Later in the afternoon, other storms developed southwestward on the wind shift boundary over Iowa and Nebraska. After 5 pm CDT, a small high-based storm on the boundary over northeast/east-central NE (yellow arrow in satellite photo below) apparently "phased' with the boundary enough to produce yet another landspout tornado (see photos below):
As can be seen from the satellite photo, there were _many_ storms that developed along the boundary by late afternoon, but only _one_ of the Nebraska storms produced a tornado. This certainly highlights that landspout tornadoes are not really forecast-able in advance. A meteorologist can only note that ingredients possibly supportive of landspout tornadoes (the boundary, instability, low-level lapse rates) appear to be coming together in an area, so that reports of such tornadoes are not a surprise and can be warned immediately when spotted.
Here are a few landspout tornado cases I've posted about on my blog:
June 21, 2020 landspout tornado in northwest Kansas
April 17, 2019 landspout tornadoes in Oklahoma, Kansas, and Texas
May 19, 2012 non-supercell tornado outbreak in southern Kansas
And, for more technical reference, here are some papers that discuss landspout tornadoes:
Non-supercell tornadoes (Wakimoto and Wilson 1989)
Tornadoes in non-mesocyclone environments with pre-existing vertical vorticity along convergence boundaries (Caruso and Davies 2005)
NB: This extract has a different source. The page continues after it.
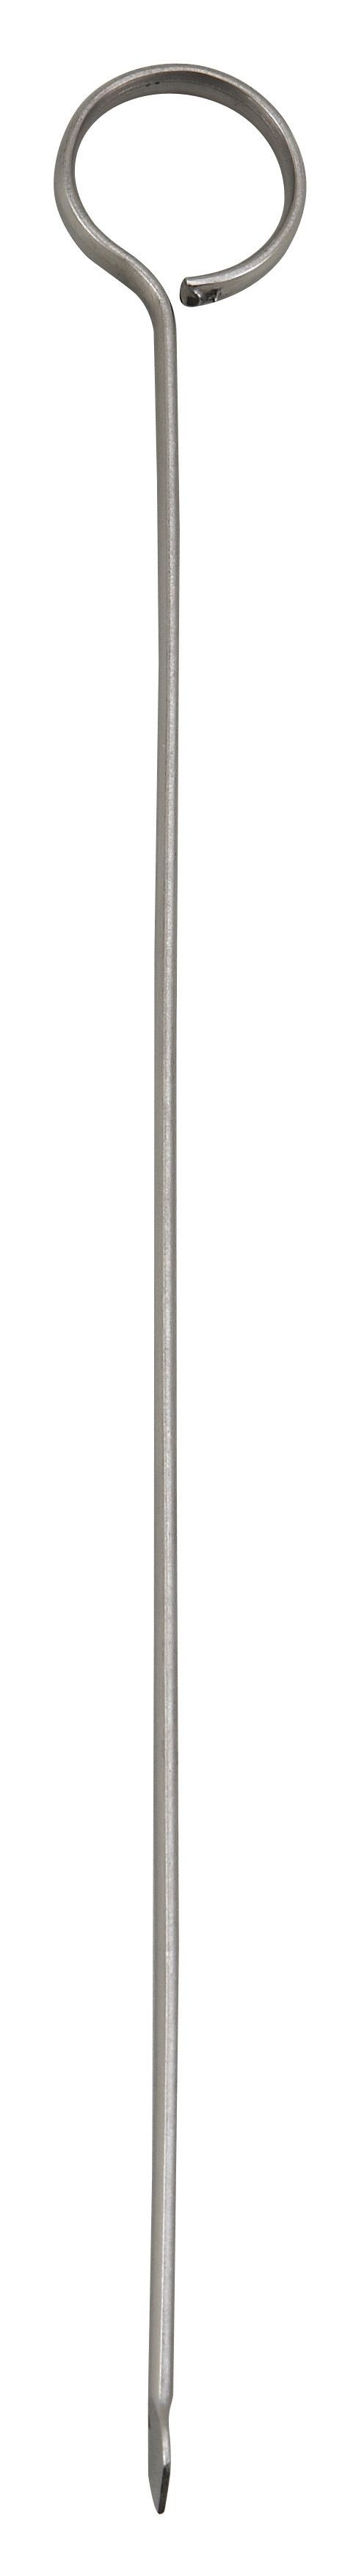 "Winco SKO-10 Oval-Tipped Stainless Steel Skewer 10"""
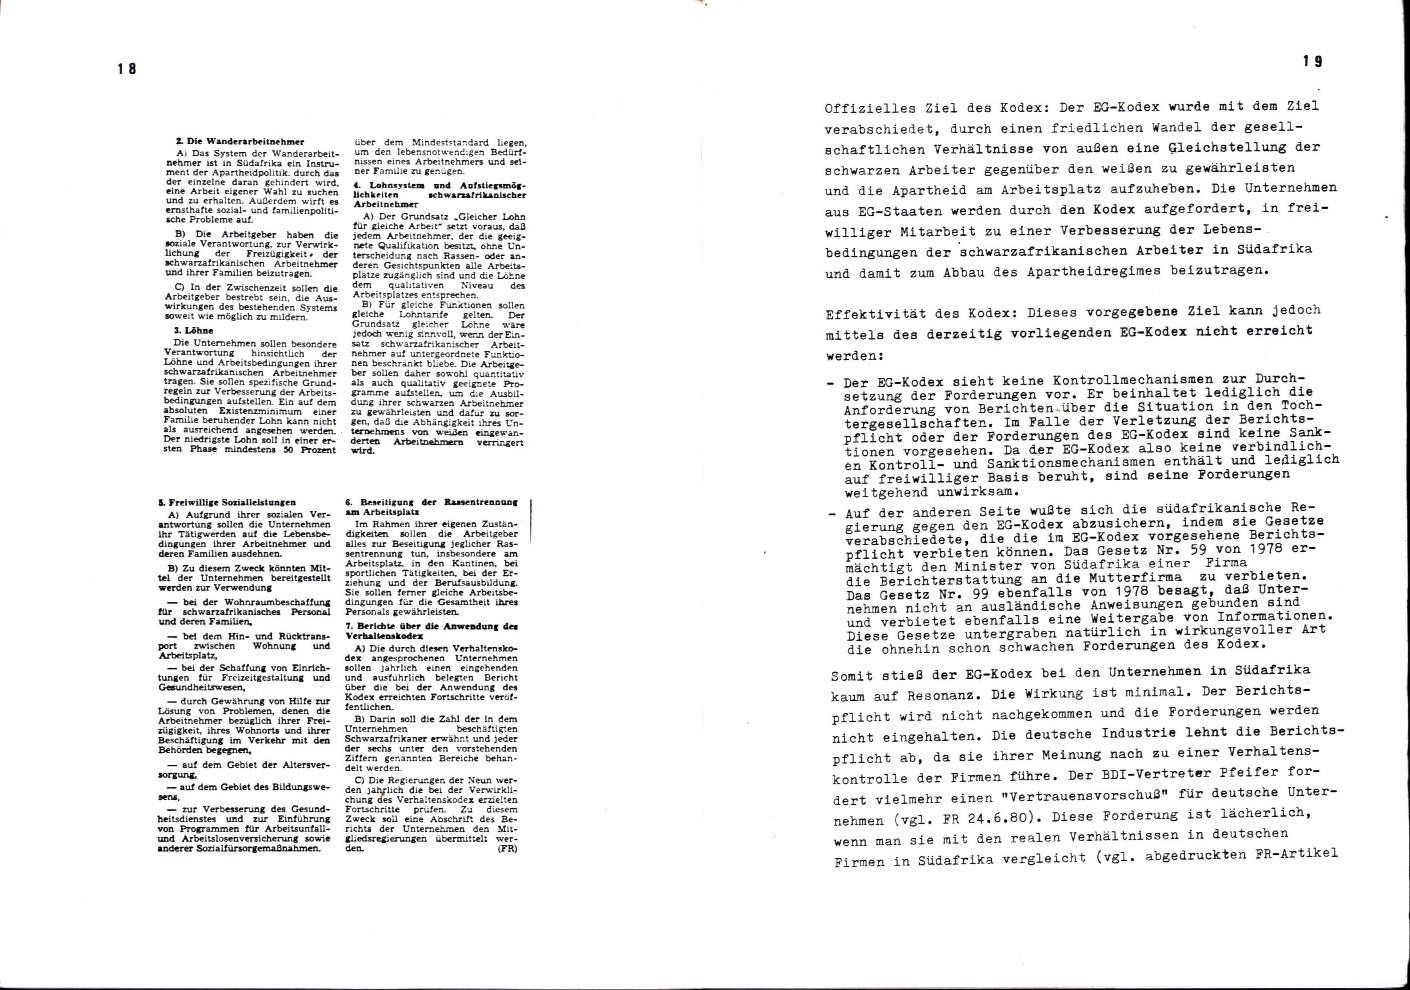 Muenster_AKAFRIK_1981_Suedafrika_BRD_11

Tornadoes in environments with small helicity and/or high LCL heights (Davies 2006)
It is also important to recognize that there are some cases where both non-supercell and supercell processes appear to be at work, particularly when winds aloft are strong enough to support and organize storms into supercells while ingredients related to landspout tornadoes are also present. This is particularly true in the High Plains of the U.S., and such "hybrid" events are difficult to categorize. Here are a couple examples:
June 29, 2019 long-lived tornado in southwest South Dakota
June 6, 2018 large and long-lived tornado near Laramie, Wyoming
Hopefully, this short discussion will help those interested in understanding some of the important factors and ingredients that contribute to landspout tornadoes.